Il ritmo vicinanza/lontananza consolida i due nelle relative autonomie.
E’ vero che la coppia è un organismo con un suo respiro e una sua direzione esistenziale, ma è anche vero che i due sono cammini esistenziali differenti: dalle stesse scene estraggono insegnamenti differenti.
Se la coppia è il campo base, la vita di ciascuno dei due si sviluppa lungo i sentieri che salgono e scendono dal monte, ciascuno per il proprio sentiero, con i propri spazi aperti, le proprie boscaglie, le proprie fiere e le proprie sorgenti.

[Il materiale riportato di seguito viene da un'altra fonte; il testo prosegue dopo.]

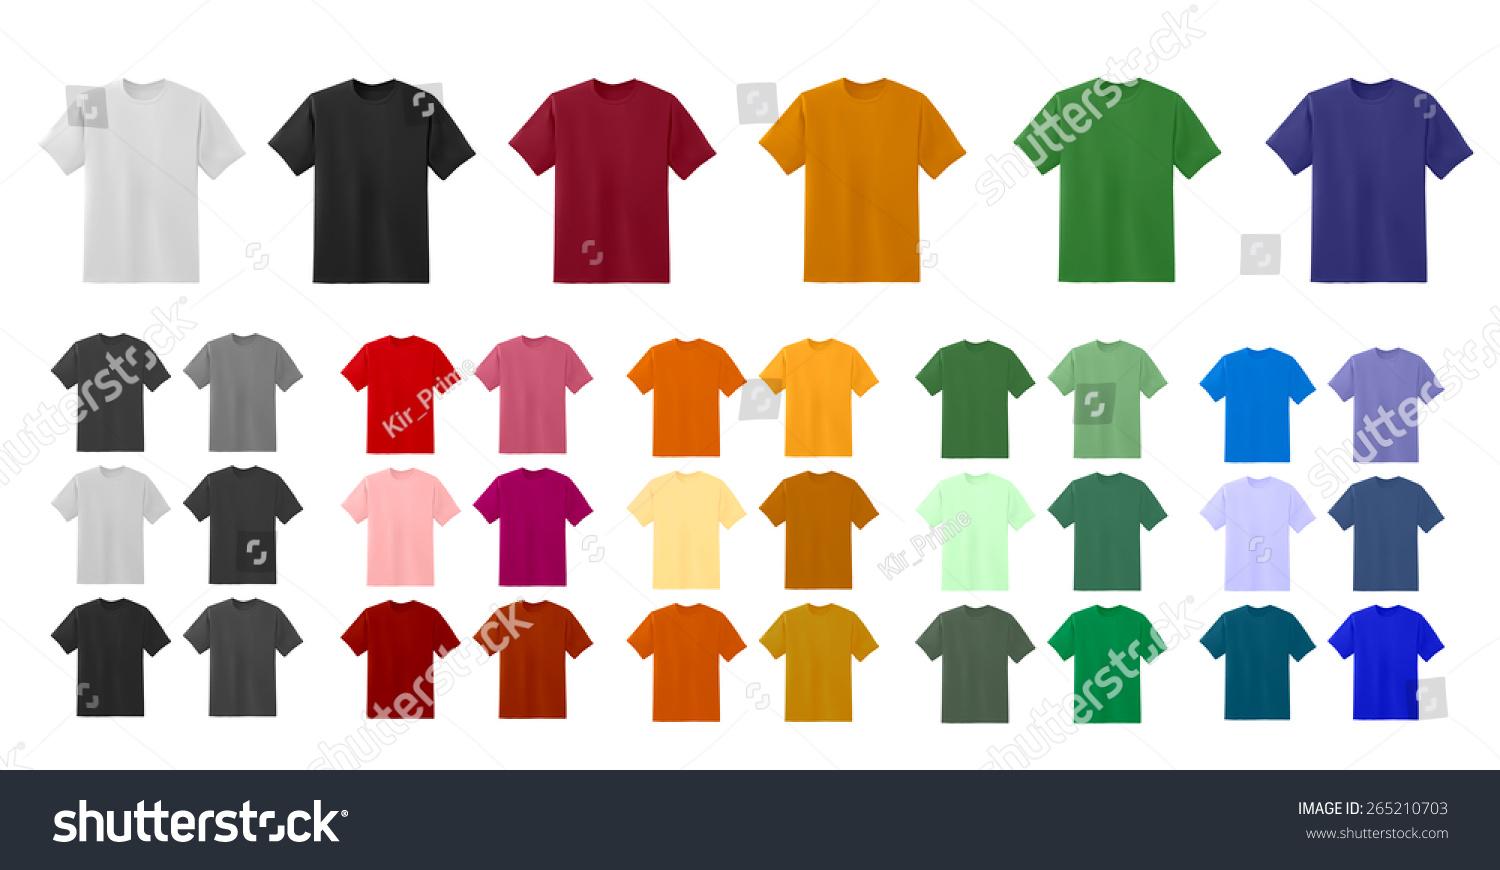 Big t-shirt templates collection of different colors, vector eps10 illustration.  #265210703
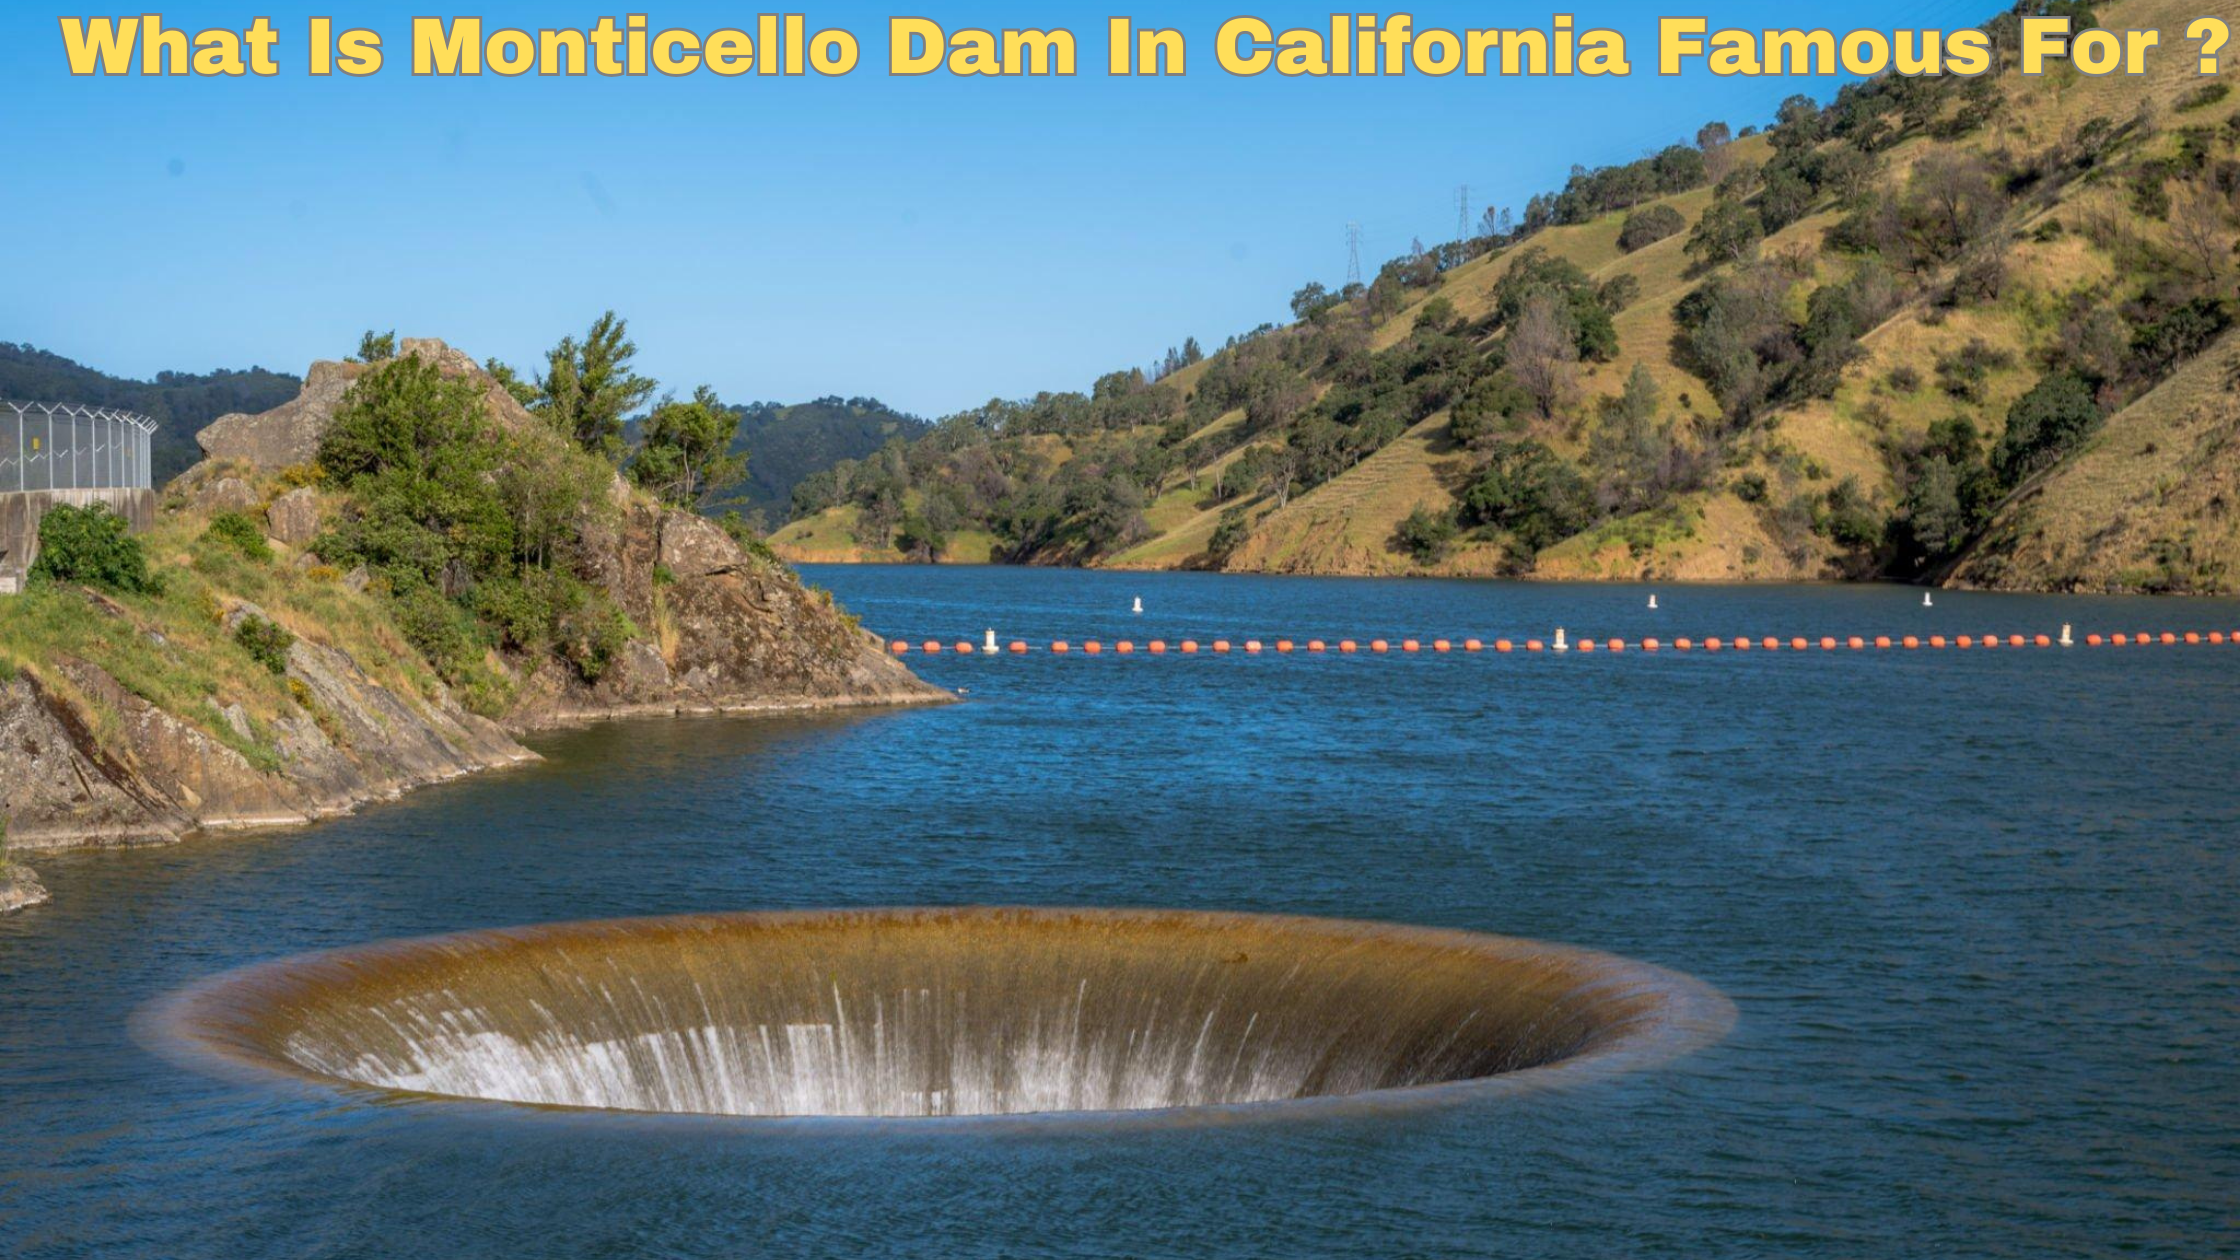 What Is Monticello Dam In California Famous For

I due camminano e sperimentano lungo i loro personali sentieri e ritornano al campo base, il loro patto prevede il ritorno alla tenda.
La vita comune, se è sana, sviluppa l’autonomia, la capacità di esporsi e di osare dei suoi membri: l’una invita l’altro, e viceversa, a non sedersi, a non appiattirsi, ad andare incontro alle situazioni che nell’intimo vengono avvertite come importanti.
I due coltivano gli interessi comuni quanto quelli personali, sanno camminare insieme come allontanarsi per le loro, personali, esperienze.
L’allontanamento dal campo base all’inizio produce il dolore della separazione, ma questo è necessario e vitale: l’equilibrio non è una linea continua, è una sinusoide fatta di vicinanza e lontananza, di un venire e di un andare, di un esserci e di un mancare.
Se l’altro c’è sempre come può crescere la propria capacità di affrontare i mille volti del reale? Se viene meno la stampella, si cade?
L’altro non può, non deve esserci sempre: deve avere la sua vita, il suo sentiero e deve, a volte, mancarci affinché noi lo si possa scoprire nella funzione che svolge al nostro fianco; un rapporto è composto di due vite che si incontrano, non è un’entità fusionale.
Nell’intimità del campo base i due sedimentano ed elaborano i vissuti personali, si confermano e confortano a vicenda, lasciano emergere gli angoli più scuri del loro essere e iniziano a lavorarli.
La vita di una persona è una e non si può frammentare tra il dentro e il fuori la coppia, tra casa e lavoro, tra partner e amici: la vita è una perchè tutte le esperienze trasformano il sentire che è la matrice di tutti i fatti vissuti; è questa trasformazione continua che costituisce la persona, le sue relazioni, le sue sfide, il suo esserci.
La persona sperimenta dentro e fuori la coppia, a volte in modi che sembrano contraddittori e, a seconda degli ambienti in cui è collocata, affronta aspetti diversi di sé e del proprio non compreso.